Start of GIVEN DATA

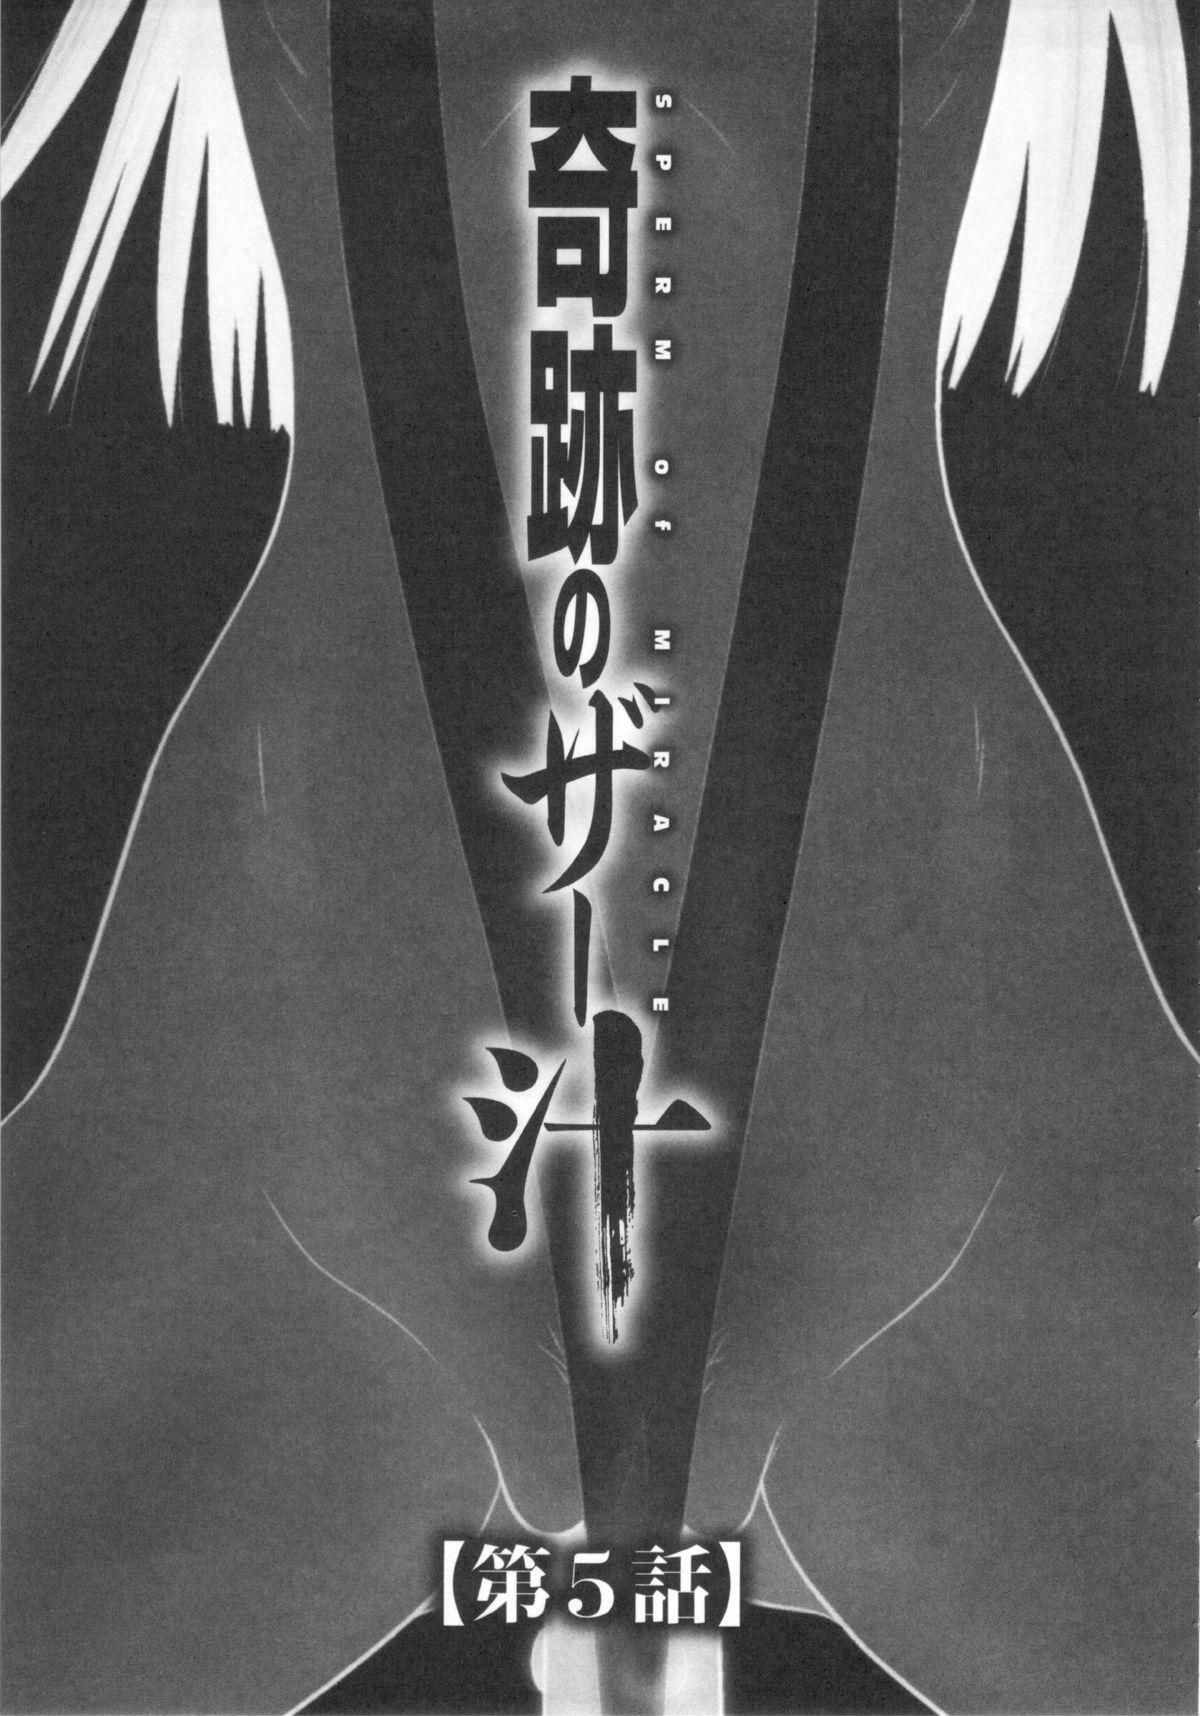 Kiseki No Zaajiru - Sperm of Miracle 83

End of GIVEN DATA
Start of GIVEN DATA

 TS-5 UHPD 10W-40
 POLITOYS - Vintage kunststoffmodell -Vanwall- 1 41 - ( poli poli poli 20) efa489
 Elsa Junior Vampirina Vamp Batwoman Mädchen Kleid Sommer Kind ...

End of GIVEN DATA

From the line that has "POLITOYS - Vintage" through the line that has "Elsa Junior Vampirina", copy every line exactly as it appears above, and leave out all others.

▸ RESPONSE BOX:
 POLITOYS - Vintage kunststoffmodell -Vanwall- 1 41 - ( poli poli poli 20) efa489
 Elsa Junior Vampirina Vamp Batwoman Mädchen Kleid Sommer Kind ...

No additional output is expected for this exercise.